Sebelumnya, grup musik beranggotakan Esa Prakasa dan Zulfikar Azhar ini telah merilis tiga single, antara lain 'Please, Don’t Ever, Disappear' (dirilis pada 4 September 2020), 'Forgotten Sea' (dirilis pada 25 September 2020), dan 'Twisted Acolyte' (dirilis pada 23 Oktober 2020). Ketiga lagu tersebut dilengkapi oleh single keempat yaitu 'Apalah Waktu di Abad 21?' dan dirilis dalam bentuk mini album.

Mini album ini juga melibatkan musisi kolaborator, hampir di tiap lagunya. Ada nama Bagus Bhaskara seorang penyanyi dan penulis lagu asal Bali yang saat ini menetap di Jakarta.
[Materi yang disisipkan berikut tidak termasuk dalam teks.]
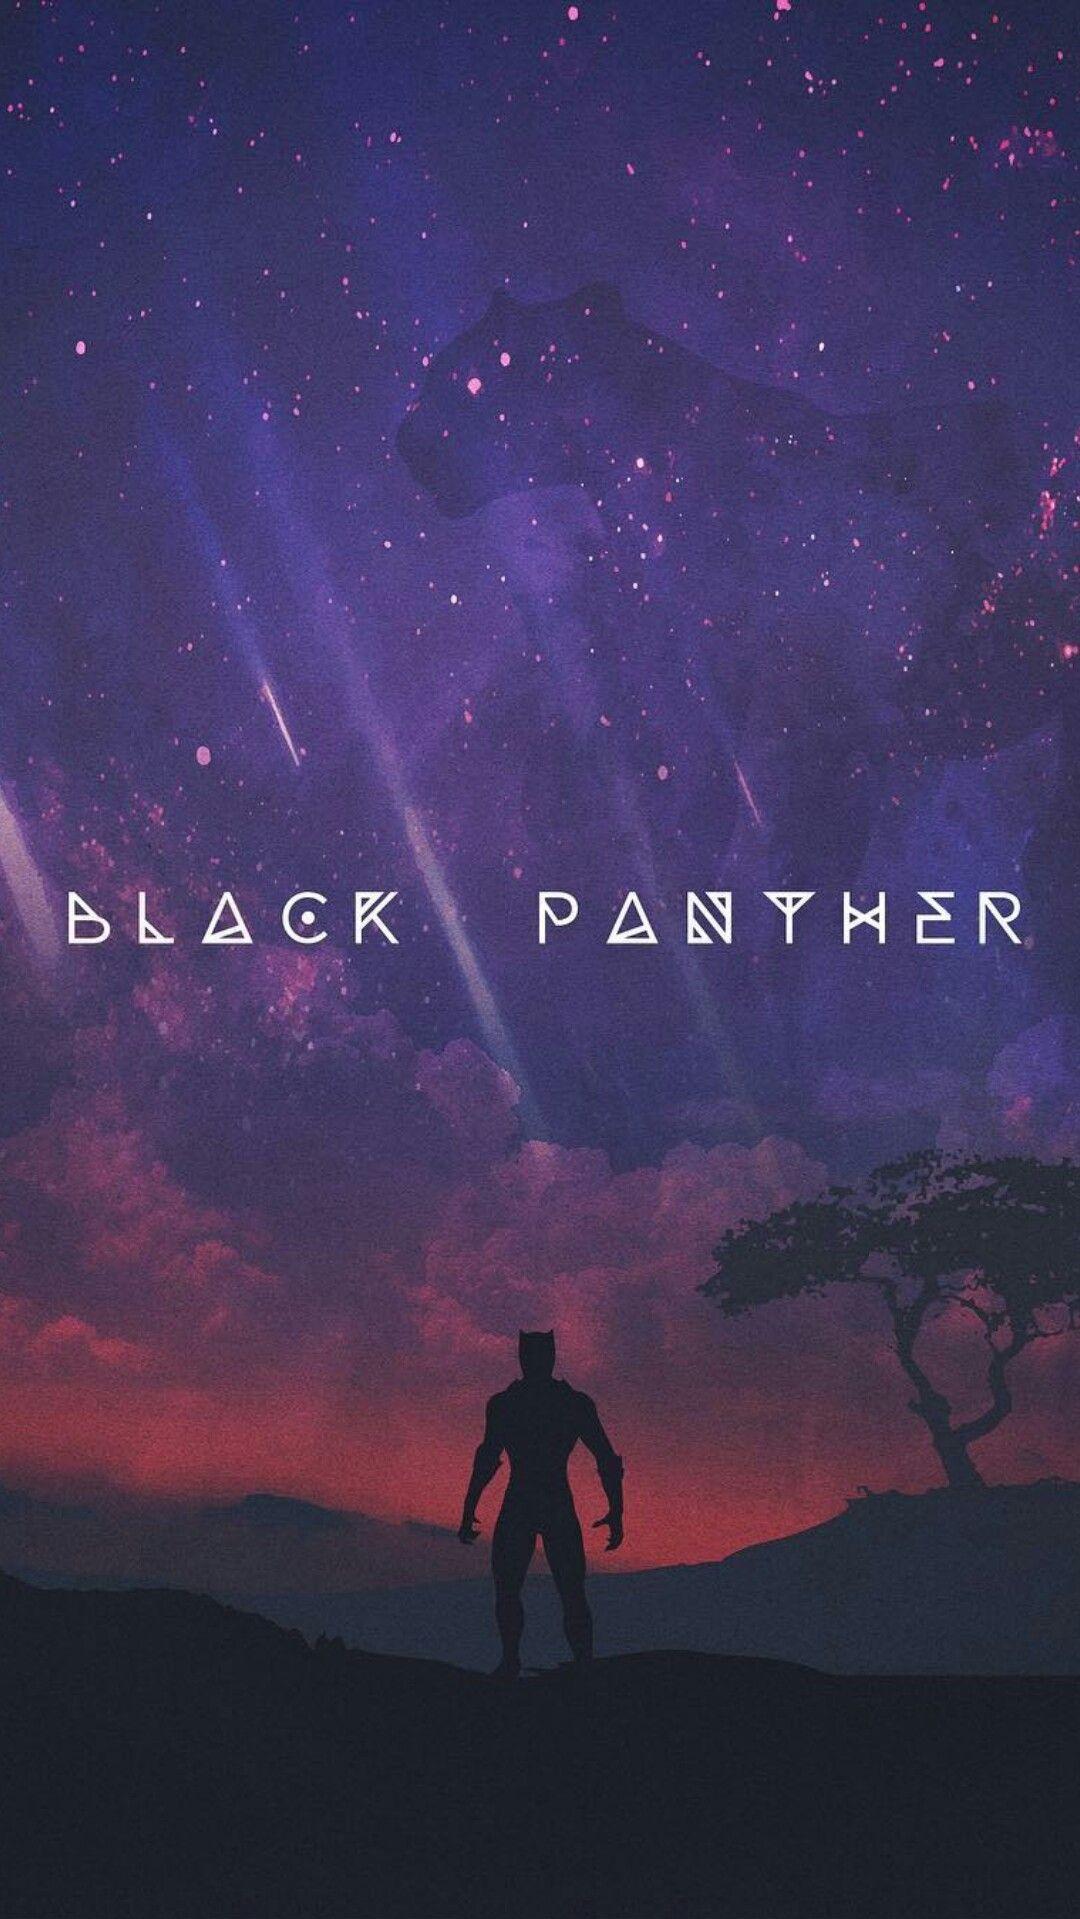 Black Panther Ancestral Plane Wallpaper : black, panther, ancestral, plane, wallpaper, Wakanda, Wallpaper, Posted, Ethan, Sellers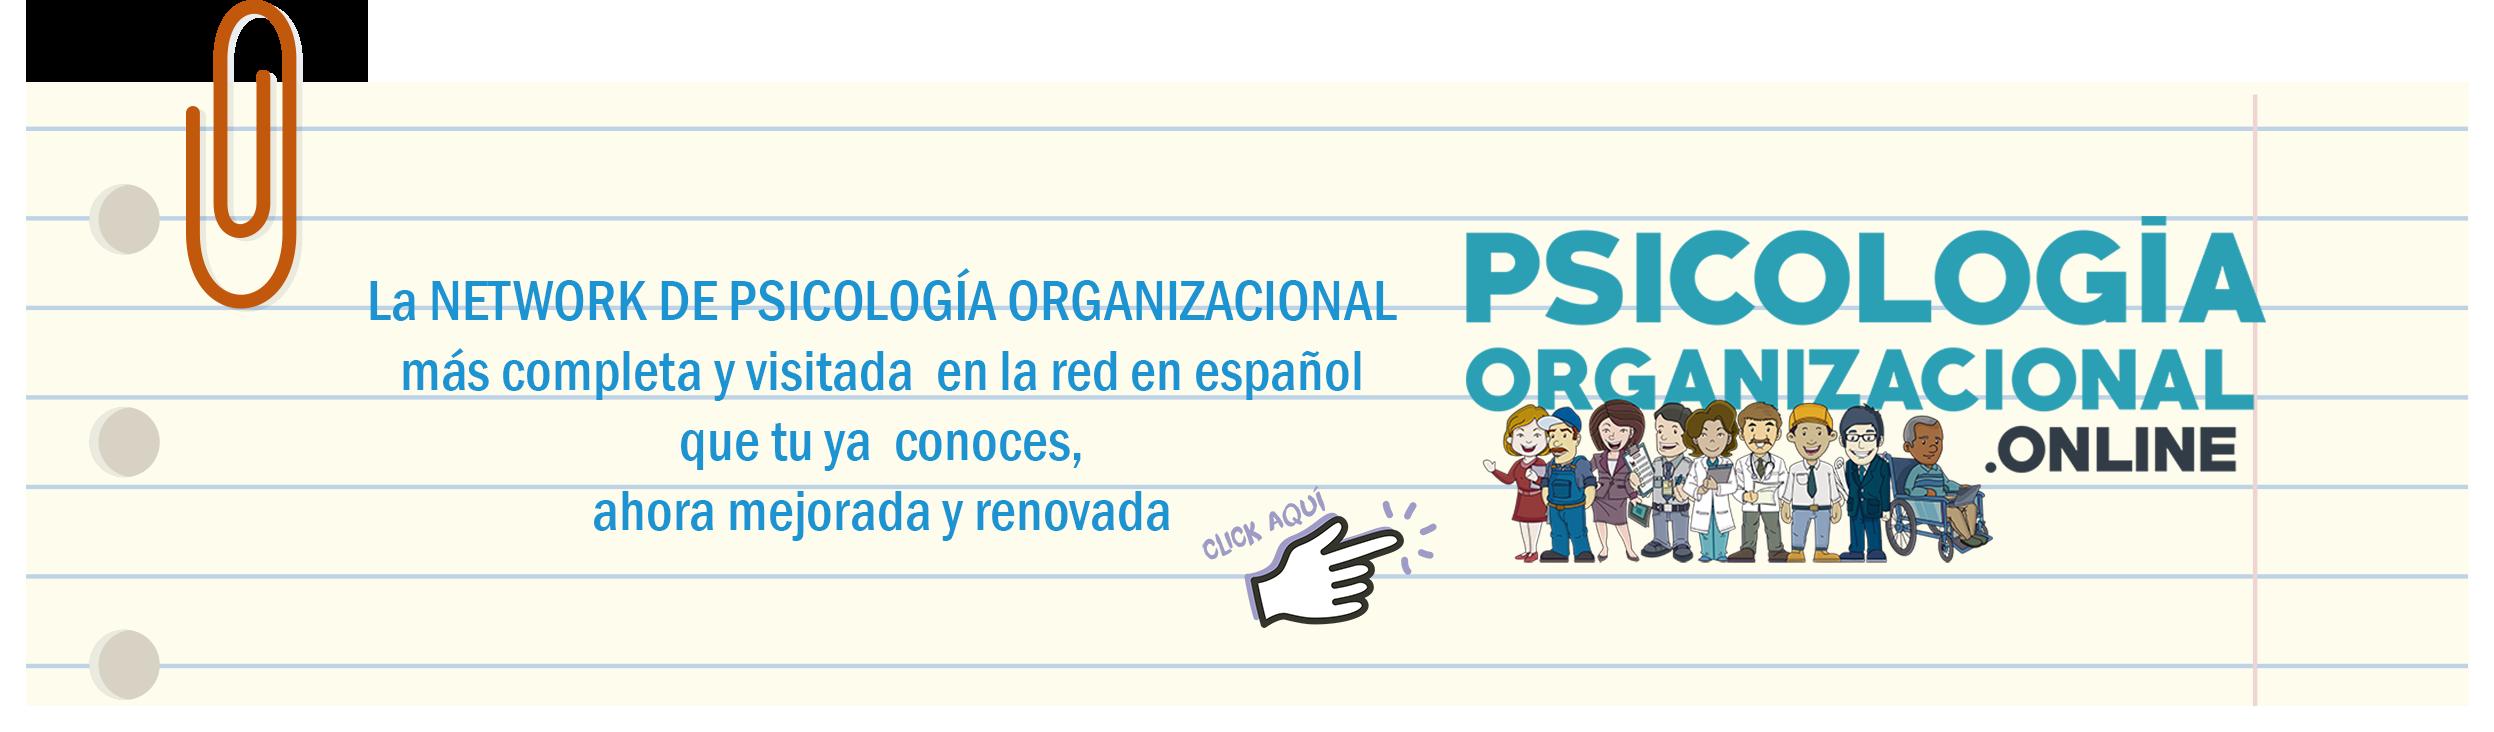 network_psicologia_organizacional_online

Bagus menjadi kolaborator untuk lagu 'Please, Don’t Ever, Disappear'. Kemudian ada nama Nisa Haryanti seorang penyanyi dan penulis lagu asal Jakarta yang didapuk menjadi kolaborator untuk single 'Forgotten Sea'. Lalu ada pula nama Virdania, seorang penyanyi dan penulis lagu asal Jakarta yang diajak berkolaborasi pada lagu 'Twisted Acolyte'.

Hal serupa mereka lakukan pada single keempat atau pelengkap materi album ini yang bertajuk 'Apalah Waktu di Abad 21?'. Mereka mengajak ketiga musisi yang sudah disebutkan sebelumnya, ditambah satu orang penyanyi dan penulis lagu asal kota Bandung, yaitu Fajar Daniwarsa atau lebih dikenal sebagai Bhanu Marais yang merupakan vokalis dari band ILOA. Melalui kolaborasi ini, mereka ingin lebih bisa mengenal musisi-musisi lain secara lebih intim melalui proses penggarapan sebuah proyek musik secara bersama-sama.

"Keterlibatan secara kolektif menurut mereka bisa saling merangsang semangat kekaryaan dan produktivitas yang sudah mulai menurun, mengingat kondisi pandemi yang juga belum mereda sampai saat ini," ungkap Manner House dalam keterangan resminya.

Baca Ini Juga YukBella Fawzi dan Asteriska Hadirkan Sisi Lain Tokoh Rahwana

Secara filosofis, lagu keempat Manner House seolah memunculkan sebuah pertanyaan yang kerap kali muncul selintas dikepala namun tidak dihayati lebih jauh. Melalui nomor ke 4 ini, mereka seolah ingin mengingatkan diri mereka sendiri soal bersyukur atas waktu yang diberikan Tuhan kepada seseorang.

"Karena terkadang sebagai manusia kita selalu lupa bagaimana mensyukuri hal tersebut," tulis mereka.

Jika dilihat secara keseluruhan, mini album yang diberi judul 'A Reminder Not Just For Me, Maybe' terasa penuh warna. Ada begitu banyak perbedaan dari setiap lagu nya. Mulai dari rasa, nuansa, hingga kolaborator yang berbeda setiap lagunya. Dibuka oleh lagu 'Please, Don’t Ever, Disappear' yang disajikan dengan musik sederhana dengan pemilihan sound yang cukup unik. Diceritakan oleh Manner House, lagu ini mengandung nuansa penyesalan. Di sisi lain, pada lagu ini ada juga unsur pengharapan tulus tersampaikan untuk orang-orang yang sudah tidak bersama lagi saat ini.

Setelah itu, ada lagu 'Forgotten Sea' sebuah lagu sederhana yang disajikan dengan balutan piano dan pemilihan sound yang membuat pendengar mengambang di dalamnya. Suasana yang tercipta didalam lagu ini memiliki tingkat emosionalitas tinggi yang berbaur didalam setiap not yang bersenandung di lagu ini. Masih ada pula lagu 'Twisted Acolyte'. Secara musikal, lagu ini dapat dikatakan cukup eksploratif dibandingkan dengan beberapa lagu Manner House sebelumnya.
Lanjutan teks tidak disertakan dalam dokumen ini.